A perplexing development sweeps over Roman sarcophagi in the middle of the third century: the unexpected Entmythologisierung or "demythologization" of their imagery. These lavishly carved coffins, often sculpted with figural scenes of the most astonishing workmanship, had featured bold mythological characters since the very beginning of their mainstream production in the early second century, when inhumation had replaced cremation as the favored means for disposing of the dead. Evocative testament to Rome's ongoing love affair with classical Greek culture, they derived visual force from their resonance with an artistic tradition centuries old while providing catharsis and consolation to those still living. How then to make sense of this imagery's peculiar withering and subsequent abandonment on later sarcophagi, as mythological narratives were truncated, gods and heroes were excised, and genres featuring no mythic content whatsoever -- such as the late third century's endless procession of sarcophagi featuring bucolic shepherds and studious philosophers -- came to the fore? That it must represent a major shift of some kind in the cultural values of the Late Empire is usually taken for granted, given the central position occupied by sarcophagi in the Roman visual imagination of the third century. But no consensus exists regarding its precise significance; and most explanations proposed for the shift groan and collapse under the weight of other evidence.
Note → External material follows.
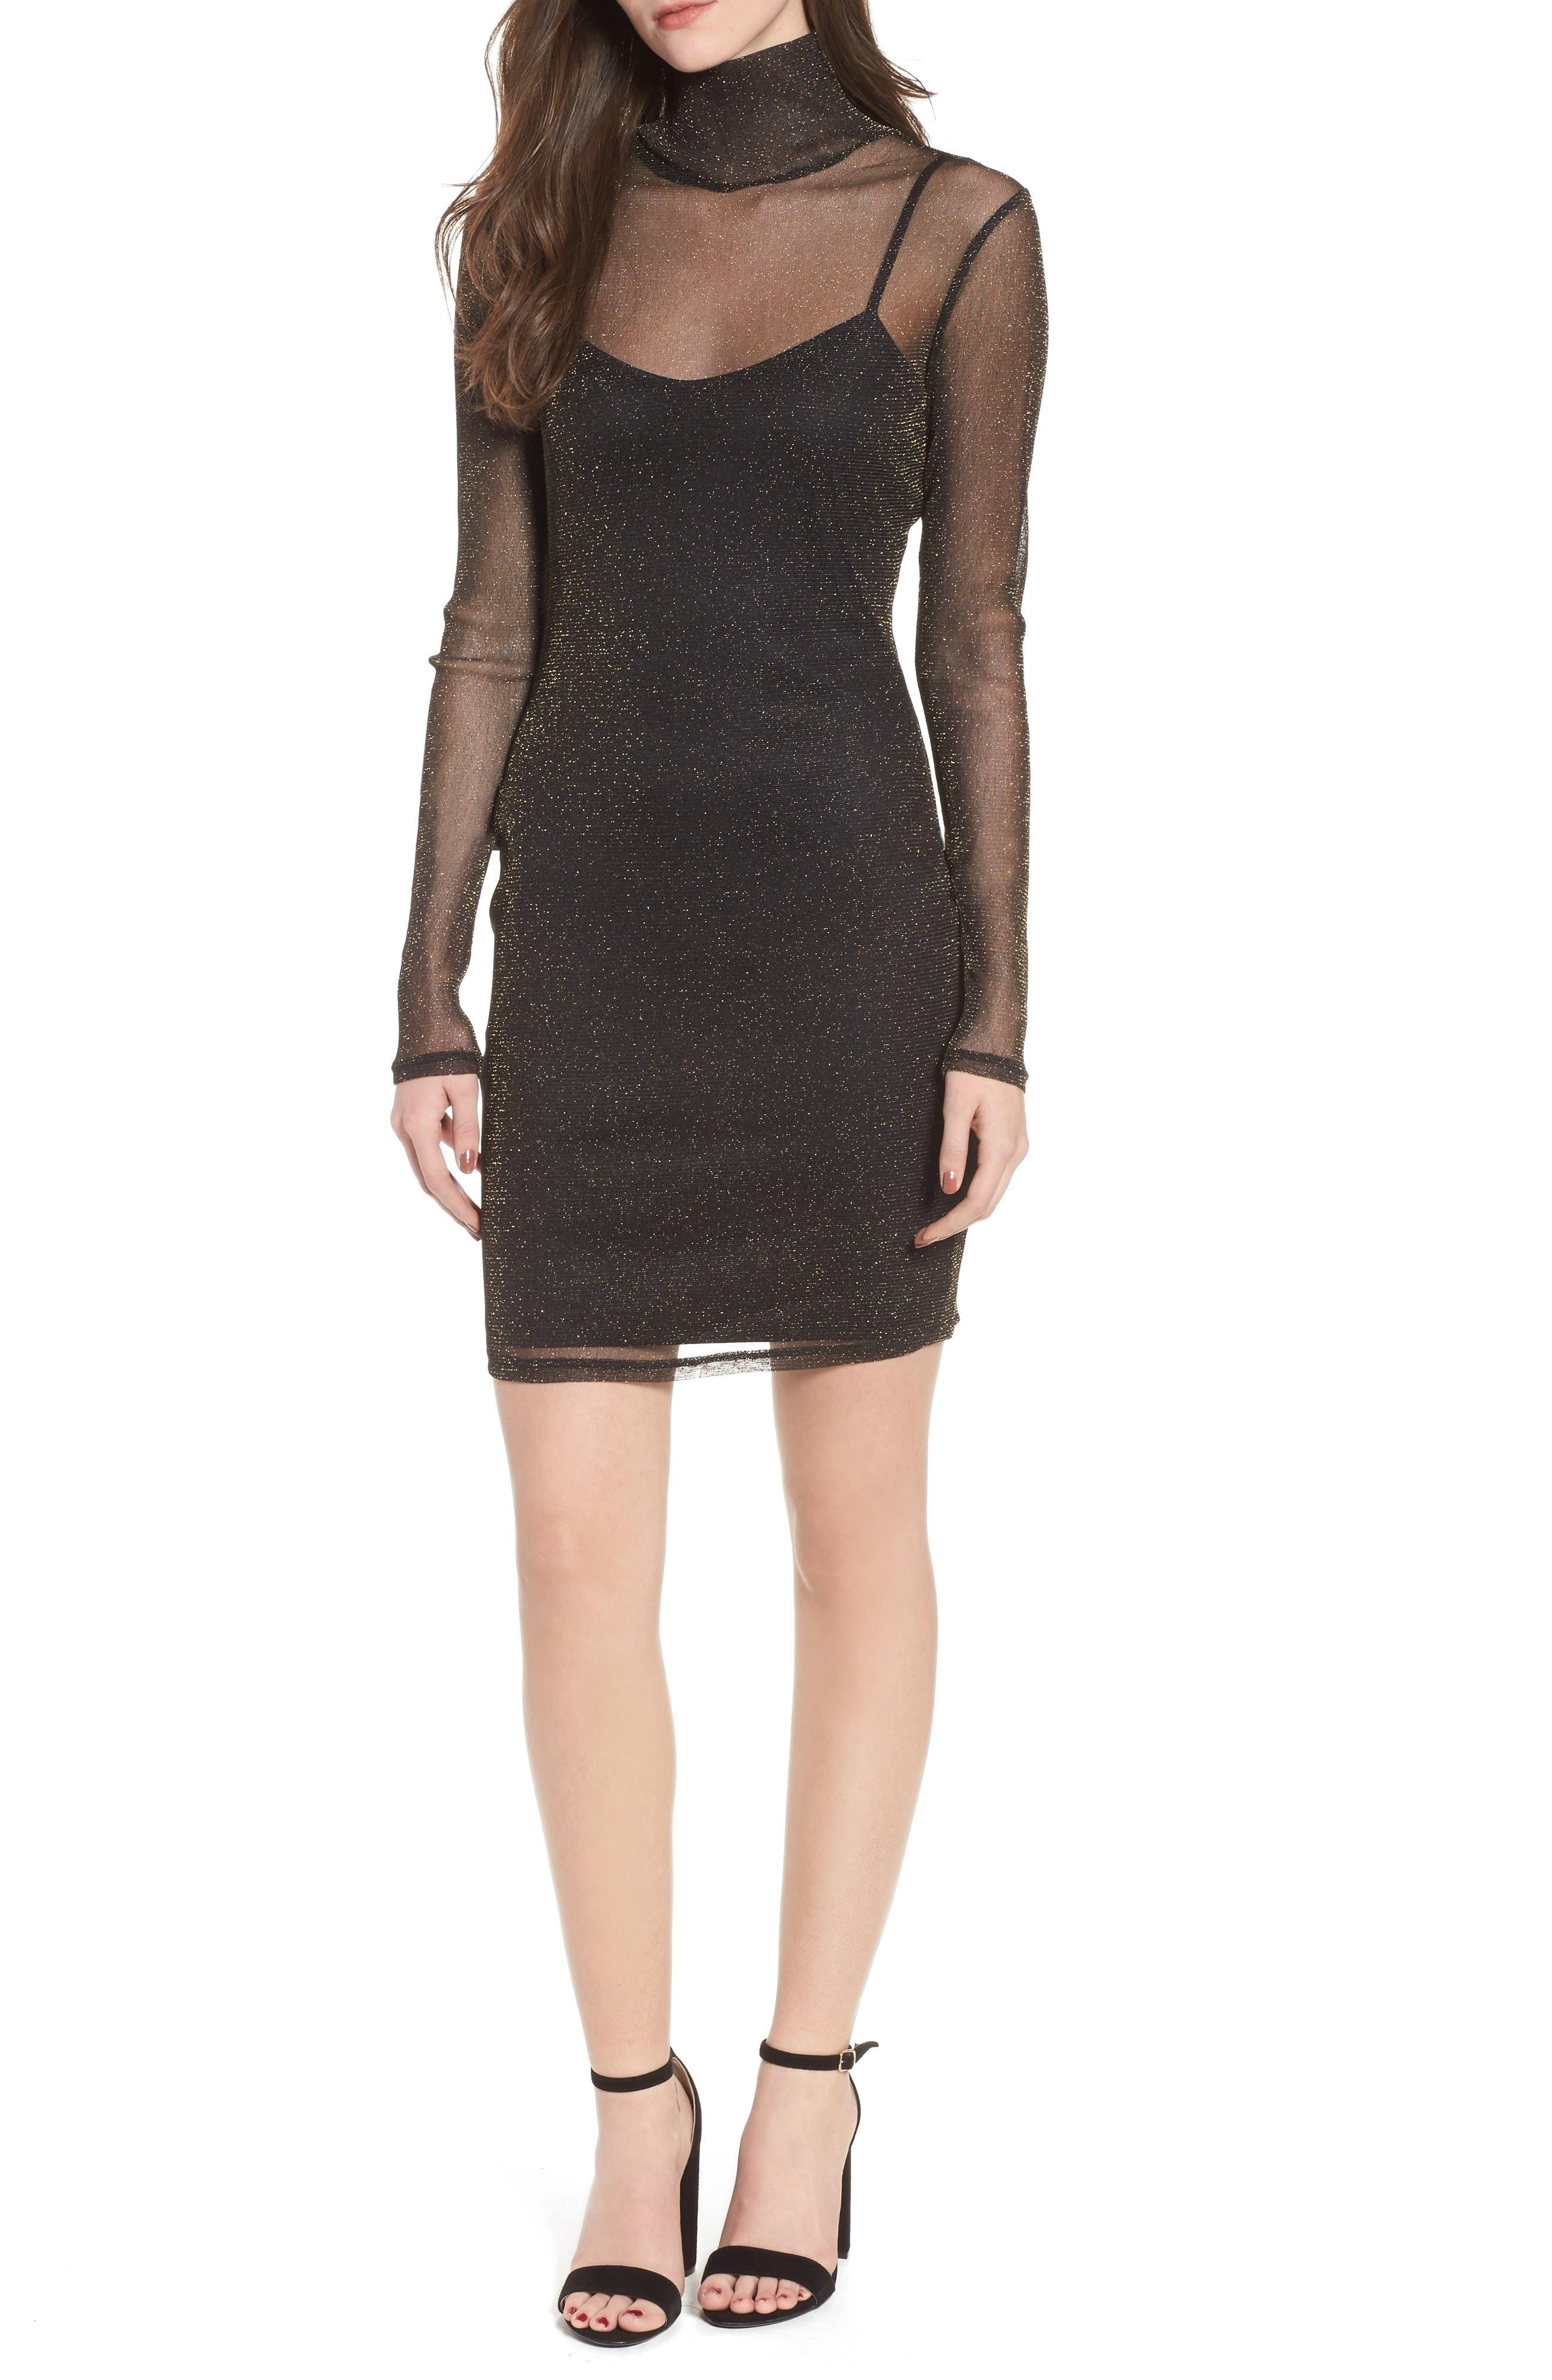 Main Image - Love, Fire Metallic Mesh Body-Con Dress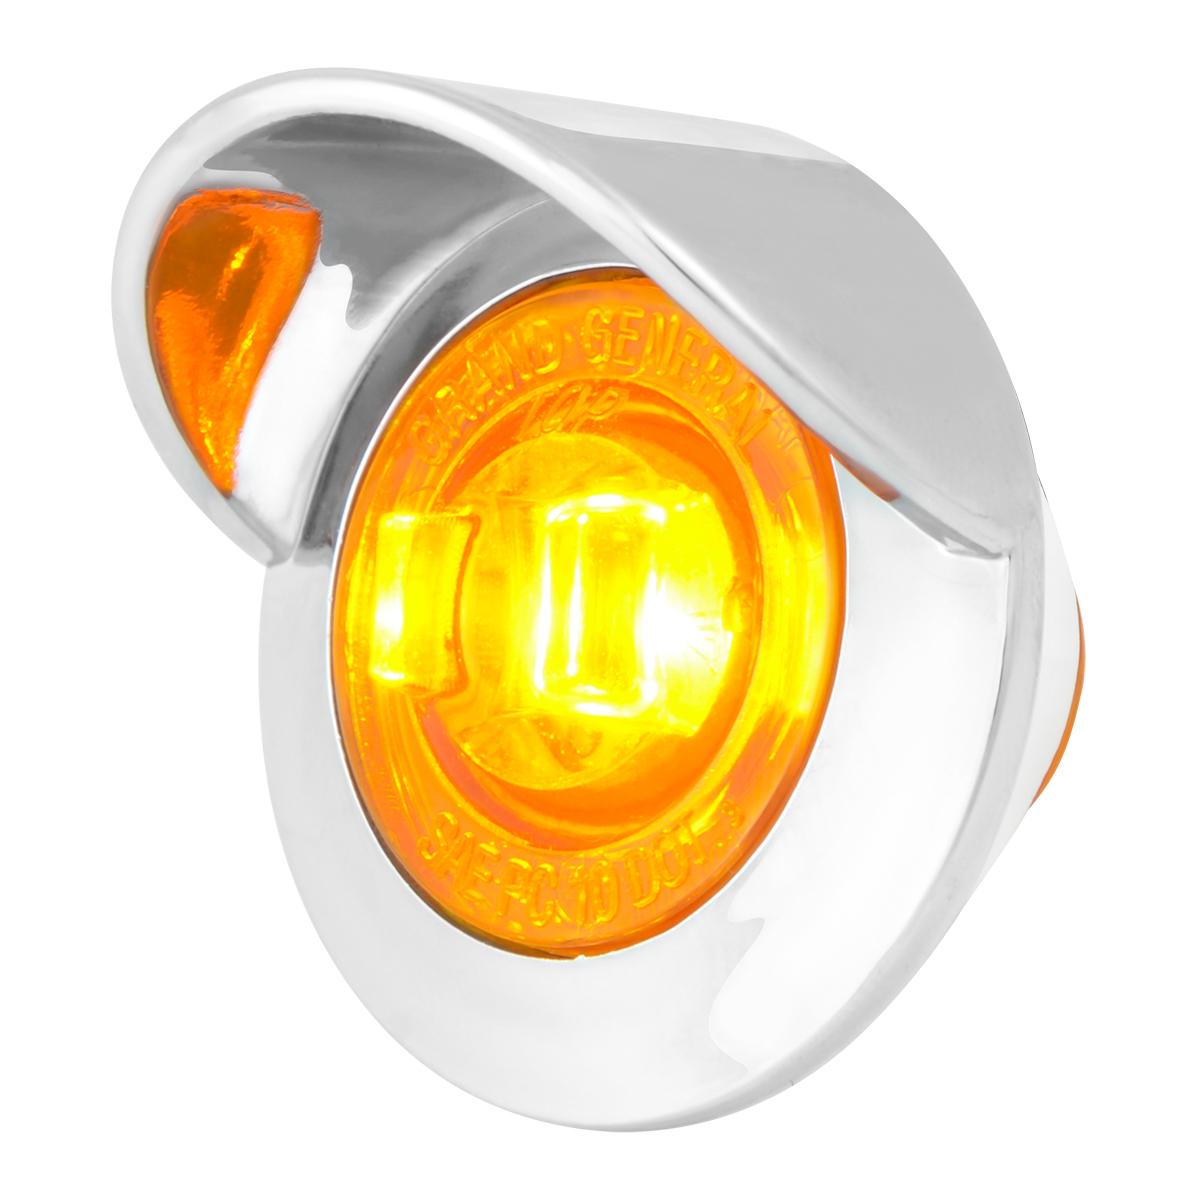 "75260 1"" Dual Function Mini Push/Screw-in Wide Angle LED Light w/ Chrome Bezel & Visor"

This enigmatic phenomenon -- the extinction of mythological imagery on Roman sarcophagi -- is what this dissertation decisively reframes. For critical traction it turns to both archaeological and textual evidence, examining the altered spatial relationships between house and tomb that came to dominate in the Late Empire. This reveals what was at stake in sarcophagi's demythologization: new demands among the living, manifested across all social registers, for greater proximity to their dead. The dissertation thus integrates recent archaeological findings, social-scientific analysis of religious change, and analysis of hundreds of Roman metropolitan sarcophagi with a humanist's eye for shifts in cultural values as refracted through funerary art. The results will be of interest to Classicists, Archaeologists, and Art Historians as well as scholars of religious history and early Christianity.